İstasyon Academy of Fine Arts (İstasyon Sanat Akademisi) is a private art institution founded by architect Ömer Ferda Düzenli and artist/painter Hülya Düzenli in Fındıklı, Istanbul in 1980. Artists Nurullah Berk and Sabri Berkel’s concepts on modern education and culture influenced the discipline and views of the institute.

İstasyon Academy/school of Fine Arts was the first institution to focus on widespread art education in Turkey. It was modeled after the workshops of Andre Lhote and Fernand Léger in Paris.

In its early years, sculptor Seyhun Topuz, artist/painter Tomur Atagök and artist/painter Gün İrk laid the foundations of its teaching doctrine. In later years, sculptor Mehmet Şenel, artist/painter Adnan Çoker and musician/composer Timur Selçuk further developed their work.

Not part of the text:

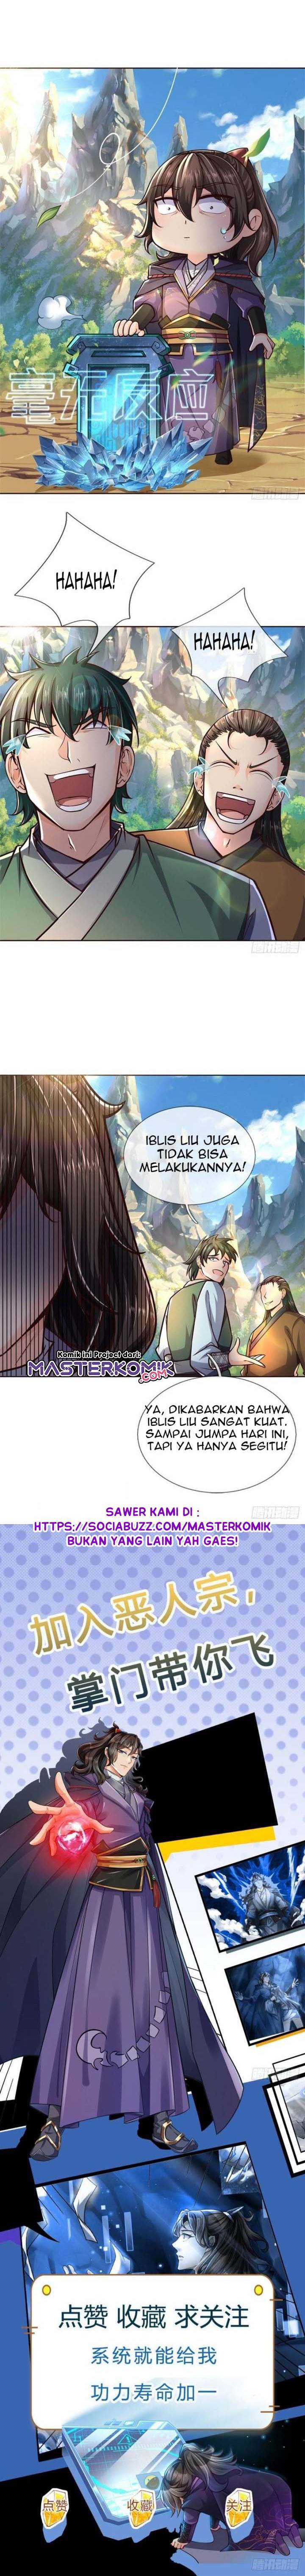 The Way Of Domination Chapter 90
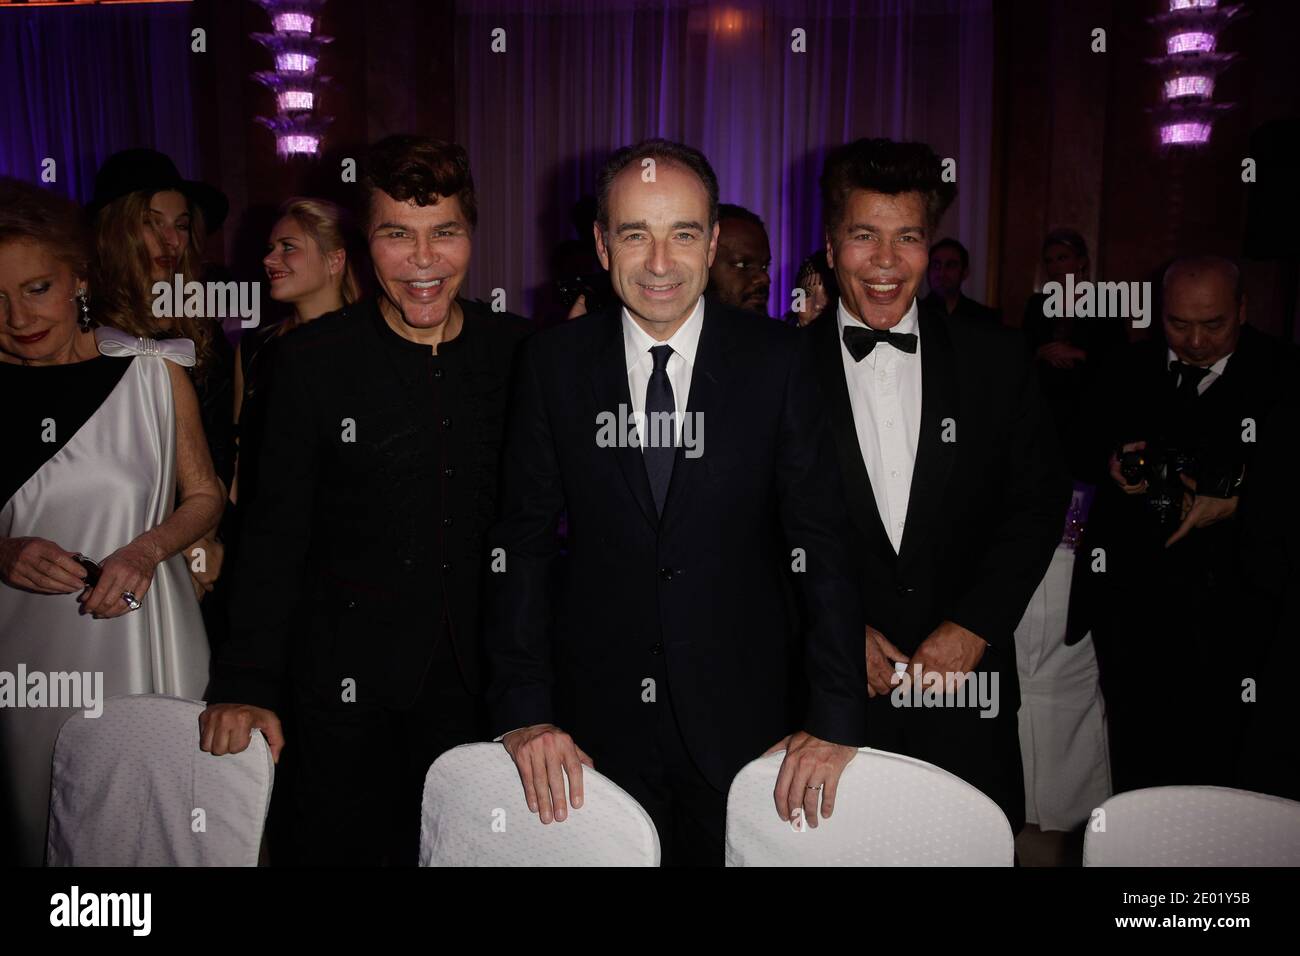 Jean-Francois Cope, Igor and Grichka Bogdanoff attending 'The Best Awards 2013' Ceremony held at Salons Hoche, in Paris, France on December 16, 2013. Photo by Jerome Domine/ABACAPRESS.COM Stock Photo

Modeled after the Bauhaus art school the institution created a system that combined industry-related art disciplines with the master-apprentice tradition.

== Disciplines taught ==
The disciplines taught in the institution are:

- Art for Adults
- Interior Design
- Fashion Design
- Advertisement / Graphic Design
- Jewellery Design
- Preparation for fine arts exams / Portfolio Training
- Design and Oil-paint Workshop
- Archaeology / Art History
- Art for Kids

Courses include:
- certificates that are approved by Ministry of Education of the Turkish Republic for employment;
- university diplomas, from 2 years in IAFA and 2 years in a contracted university in the United Kingdom;
- personal interest and recreation.

Students who take full-time education for two years have the opportunity to transfer and continue their studies at an advanced level at University of Portsmouth for Fashion, Graphic Design and Fine Art. Those who complete two years of coursework may attain university graduation at the end of four years. IAFA is recognized as a Foundation College in the universities in United Kingdom.